# More Free Magazines



## Meemo (Oct 27, 2008)

New list of magazines offering their current issue free - some are for Fire only ("Details" is one I noticed), others can go to iPad as well - I sent the Crochet magazine to my iPad.

http://www.amazon.com/s/ref=s9_hps_bw_clnk?node=5165567011&page=1&pf_rd_m=ATVPDKIKX0DER&pf_rd_s=center-2&pf_rd_r=0T8JWMJQBYTFEJWDRPAD&pf_rd_t=101&pf_rd_p=1370924062&pf_rd_i=2735187011


----------



## ame8199 (Apr 4, 2010)

wuhoo, Don't know what "Details" is about but it has Adam Levine on the cover and it was free....so I got it

Looks like Details is a mens magazine...oh well..


----------



## docmama28 (Mar 6, 2010)

Thank you so much for posting this again!  The last time you posted a link to free magazines I stocked up for my trip this past weekend.  I've read them all and was going to go through my carousel deleting magazines today.  Now it's full of new magazines to enjoy!  This is why I love kindleboards!


----------



## wavesprite (Apr 27, 2009)

Can you explain how the free magazines work?  Do you get one issue and if you don't cancel they continue to send them?

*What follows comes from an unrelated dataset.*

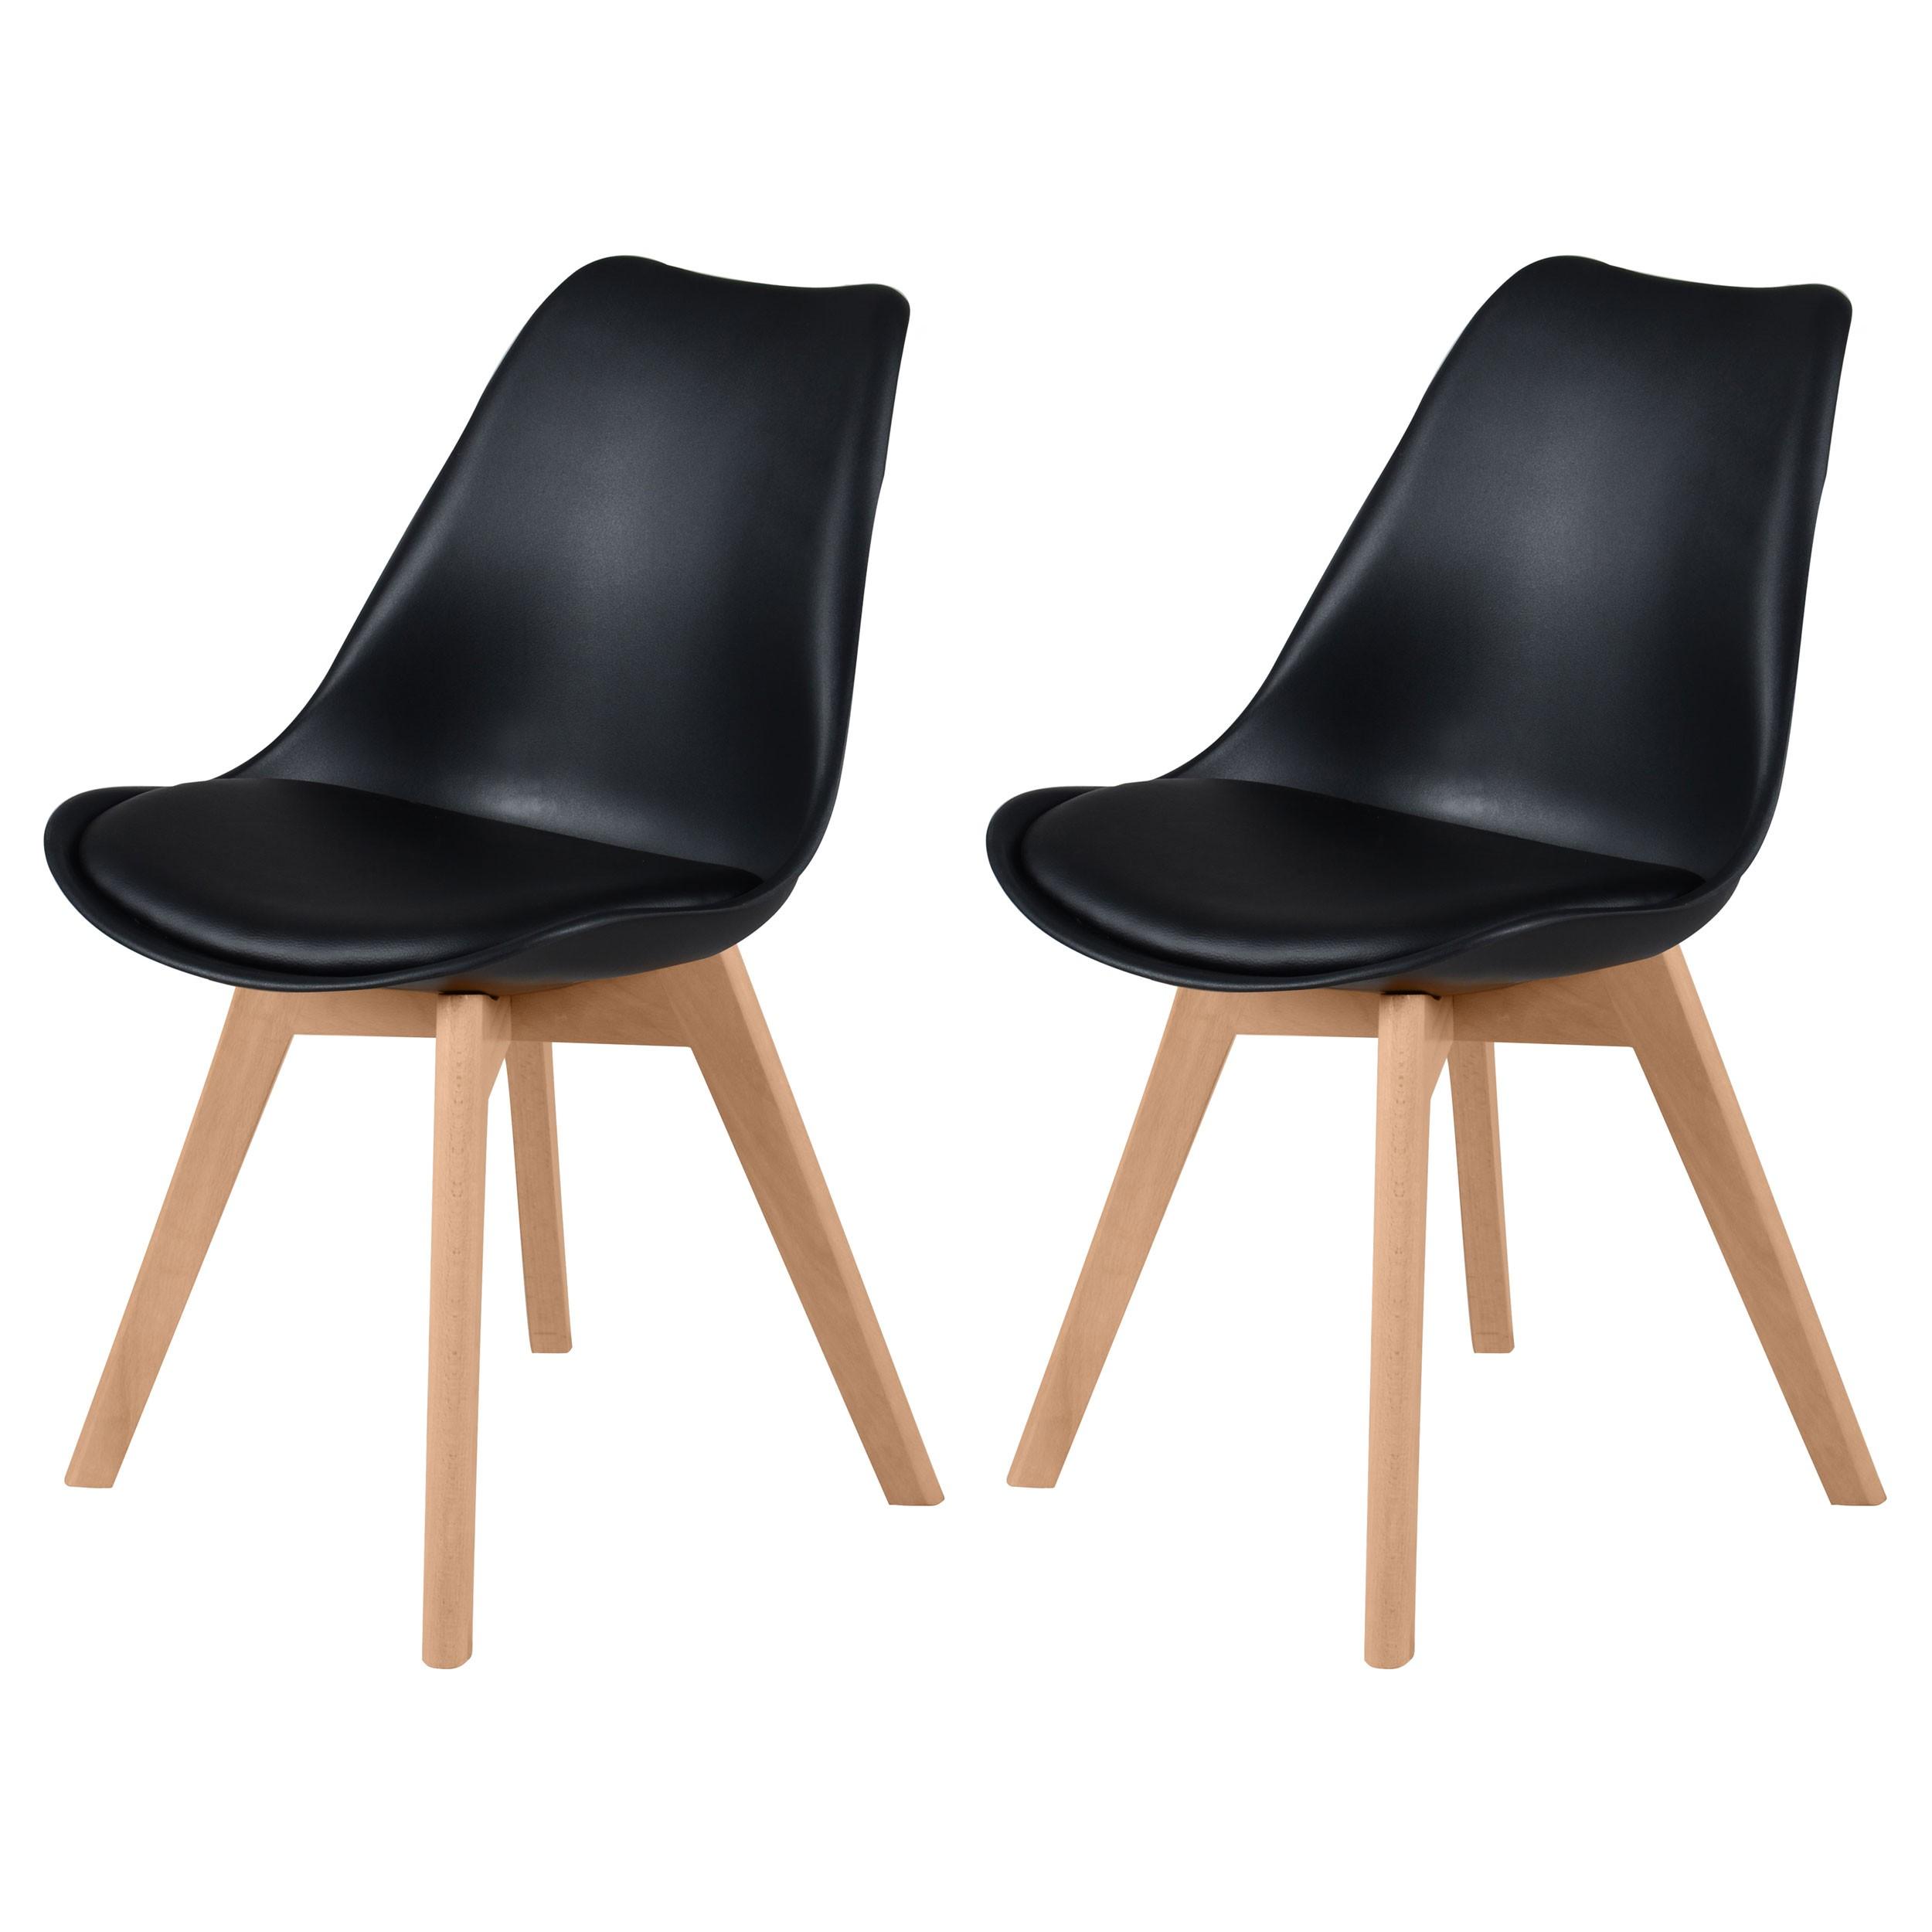 achat chaise skandi noire lot de deux - Chaise Scandinave Noir

Or do you just "buy" a free issue to check it out?


----------



## docmama28 (Mar 6, 2010)

Yes, when you click on the "buy it now with one click" button, it says above it "buy the current issue for $0.00", and Amazon will not automatically send you subsequent issues.  Pretty nifty, huh?


----------



## wavesprite (Apr 27, 2009)

Very! I'm going to check it out, thanks!


----------



## laurie_lu (May 10, 2010)

Very Nice!  Thank you


----------



## docmama28 (Mar 6, 2010)

I just realized something even niftier...the last group of free issues they offered I got a copy of Everyday Food.  It showed up again in this month's offerings and I thought I wouldn't be able to order it again because I had already taken advantage of the offer.  I clicked on it, but wasn't sure if I'd get my email receipt telling me I'd been charged $1(the regular per issue cost).  I just checked my emails and I did in fact get it for free again!


----------



## ame8199 (Apr 4, 2010)

yesterday when i did this, i got a .99 credit for the mp3store.  Pretty nifty...free magazine and free music as well.  not sure if its still going today.  

"Details" was in the promo.


----------